Artigo aborda penas não pecuniárias na Lei de Defesa da Concorrência, focando no artigo 38, inciso VII (lei 12.529/11), destacando medidas para eliminar efeitos nocivos à ordem econômica. Análise baseada em doutrina, legislação comparada e jurisprudência do Cade de 2012 a 2020.

25/1/2024

O presente artigo faz parte de uma série tratando das penas não pecuniárias aplicadas a pessoas físicas e jurídicas com base na Lei de Defesa da Concorrência – LDC (lei 12.529/11), especificamente no artigo 38 e seus incisos, e que estão explicitados mais detalhadamente na obra coletiva “Sanções não pecuniárias no antitruste”, organizada pela Profa. Amanda Athayde e publicada pela Editora Singular1.

Neste artigo, trataremos da pena de “qualquer outro ato ou providência necessários para a eliminação dos efeitos nocivos à ordem econômica”, constante do artigo 38, inciso VII da lei 12.529/11, objeto de análise aprofundada na referida obra pelas mesmas autoras desse artigo. O estudo levou em consideração a doutrina existente sobre o assunto, legislação comparada e a análise da jurisprudência do Cade nos casos em que essa pena foi aplicada entre 2012 e 2020.

Mas que pena antitruste não pecuniária é essa?

No Brasil, o tema é ainda pouco explorado. De um lado, fortalece a capacidade interventiva das autoridades antitruste para suspensão e/ou reversão de efeitos anticompetitivos criados no mercado por infrações à ordem econômica, além de ampliar o efeito dissuasório da, somando-se à aplicação de multas.2 De outro, a aparente liberdade concedida pelo inciso VII não dá à autoridade poderes irrestritos para extra legem prever novas sanções de forma discricionária e ad hoc.3 Para a modulação da sanção impõe-se então, o desafio de se identificar que os atos sancionados são suficientemente graves ou que a pena não pecuniária atende ao interesse público geral, o que só seria aplicável caso nenhuma outra penalidade prevista em lei fosse capaz de cessar a infração ou gerar punição adequada.4 Assim, a amplitude do texto legal impõe à autoridade um ônus qualificado na demonstração da adequação, razoabilidade e proporcionalidade das medidas impostas, como manda a lei 9.784/99, que regula o processo administrativo a nível federal.5

Feitas essas breves considerações iniciais, resta perguntar: esse tipo de pena é uma peculiaridade do antitruste brasileiro ou existem experiências semelhantes em outras jurisdições?

A existência de um dispositivo com redação ampla atribuindo à autoridade concorrencial margem para a modulação de sanções não pecuniárias não destoa da experiência internacional.

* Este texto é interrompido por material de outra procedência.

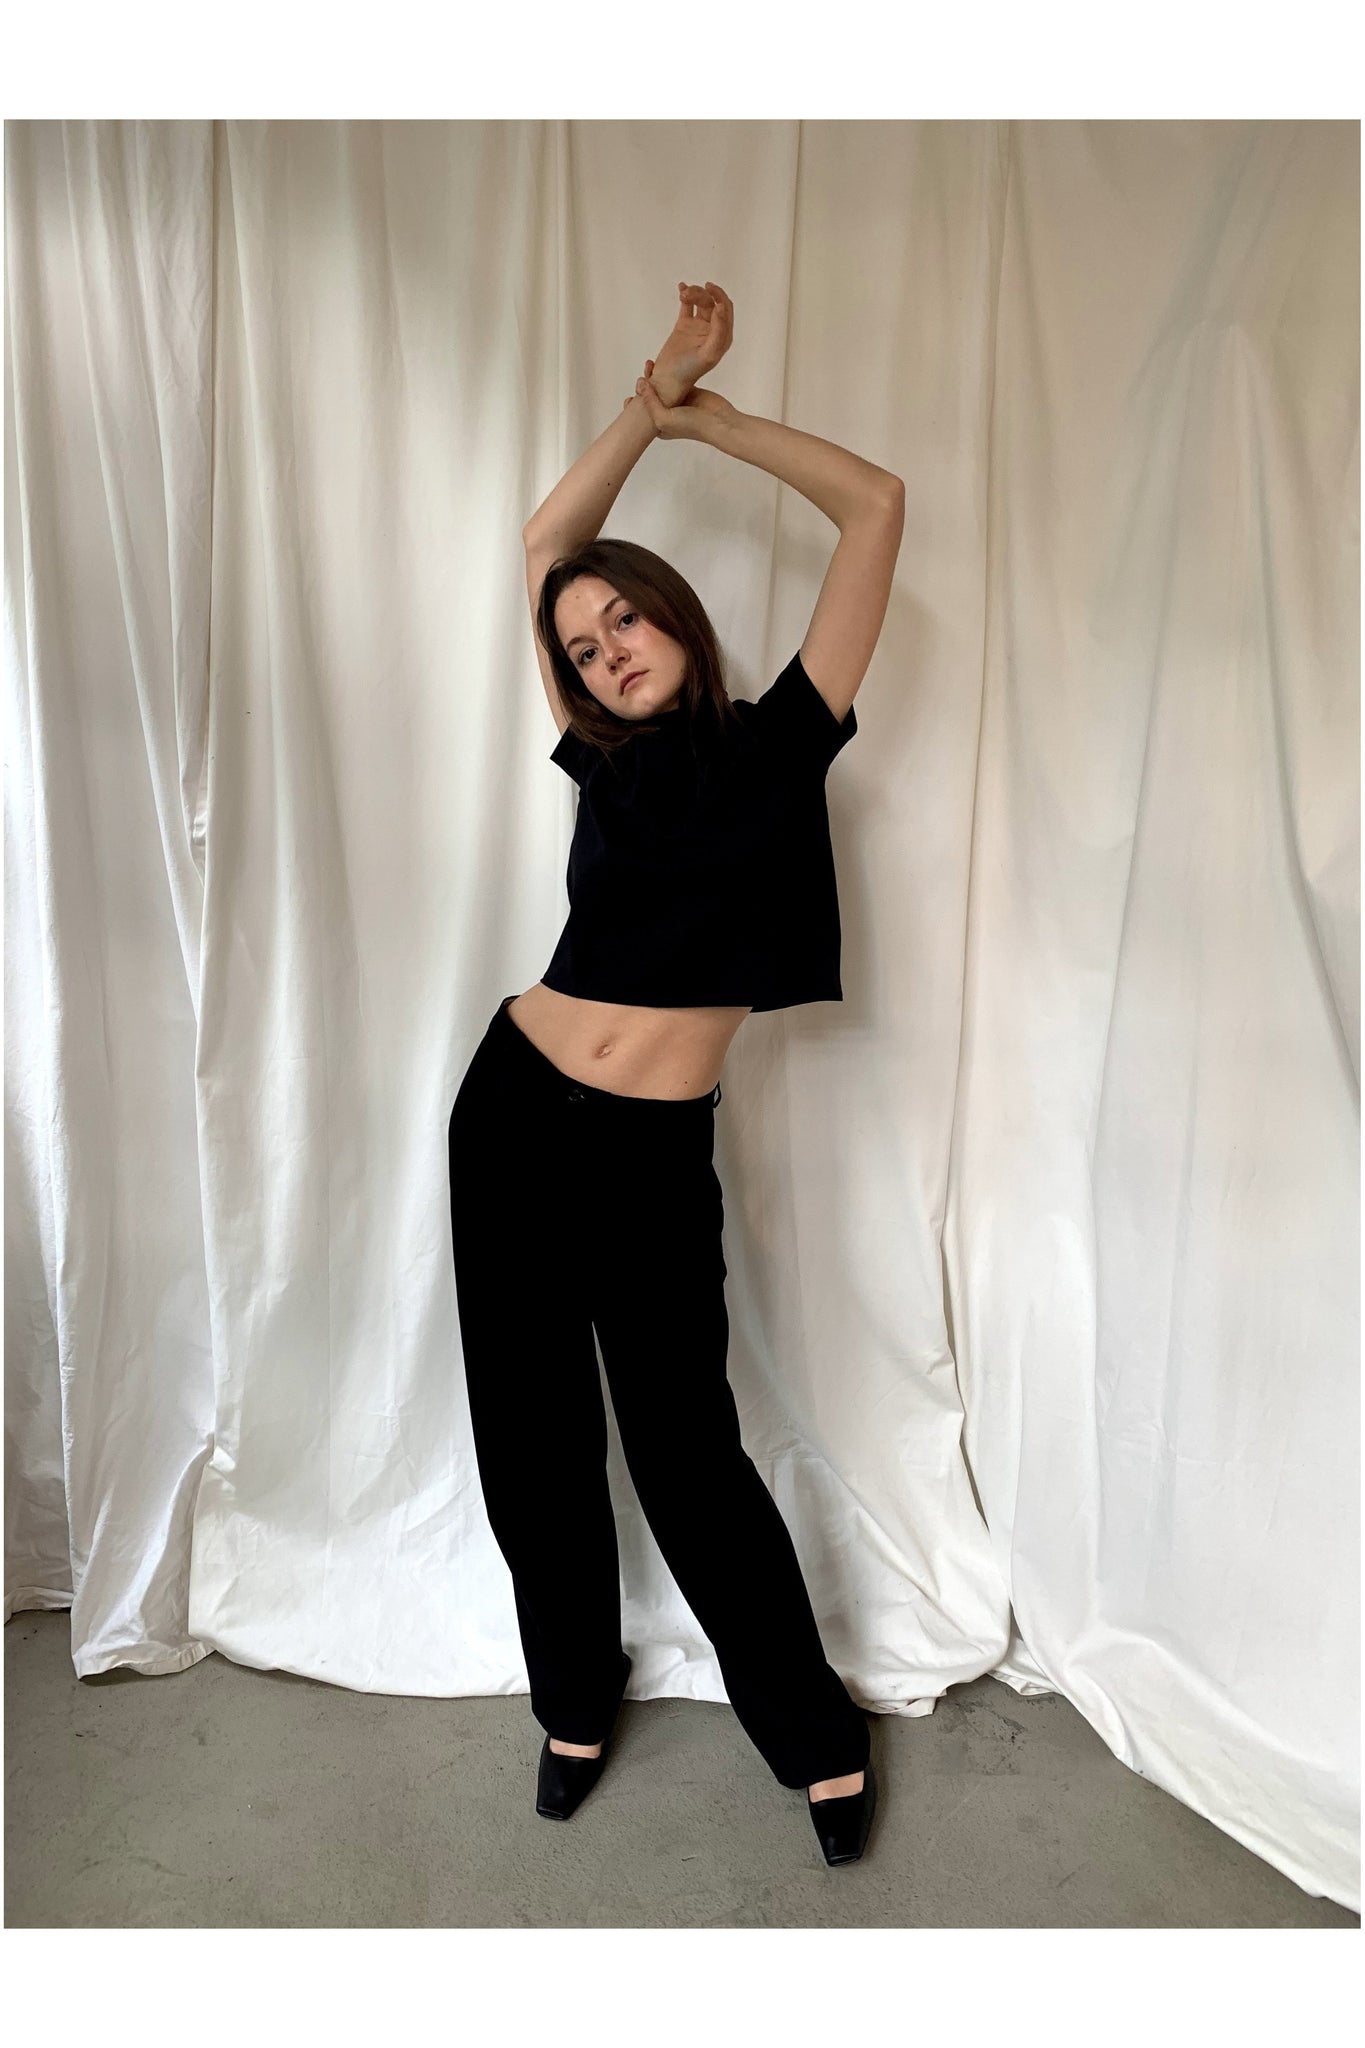 BLACK CROPPED MOCK TEE BY THE SEPT - BEYOND STUDIOS

É o caso de EUA, Japão, Austrália, Canadá e União Europeia6; mas, uma análise sobre a jurisprudência desses países indica, como regra, uma baixa recorrência da aplicação desse tipo de sanção. Exemplos excepcionais encontrados são (i) a sanção japonesa de revisão do regulamento interno da empresa para incluir medidas de responsabilização dos funcionários envolvidos na prática; e, no âmbito da União Europeia, as obrigações de (ii) divulgação de informações, (iii) revisão de contratos, (iv) desvinculação de produtos vendidos, (v) e garantia de interoperabilidade.

A exceção notável é a Comissão Europeia. Para além Apesar de haver uma adesão maior ao mecanismo adoção de commitments, regulado pelo Article 9 do EC 1/03, em que os agentes envolvidos propõem soluções negociadas para enfrentar os efeitos de uma prática anticompetitiva;7 ainda há vasta jurisprudência de aplicação do Article 7, que regula a imposição (i.e., sanções) de medidas comportamentais e estruturais em reação a condutas anticompetitivas, com destaque para as famosas decisões nos casos Caso Microsoft,8 Mastercard9, CISAC10, Motorola11 e, mais recentemente, o caso Google Shopping12. Nesses e outros casos, para além de sanções de desinvestimento, a autoridade europeia já impôs obrigações de contratar, obrigação de não discriminar, obrigação de informar clientes, obrigações de adotar programas de compliance, licenciamento de propriedade intelectual e obrigações de “desempacotamento” (unbundling) de produtos. Com exceção da obrigação de licenciamento de direitos de propriedade intelectual, que está prevista na lei 12.529/11 explicitamente, as demais poderiam ser enquadradas na hipótese objeto deste artigo.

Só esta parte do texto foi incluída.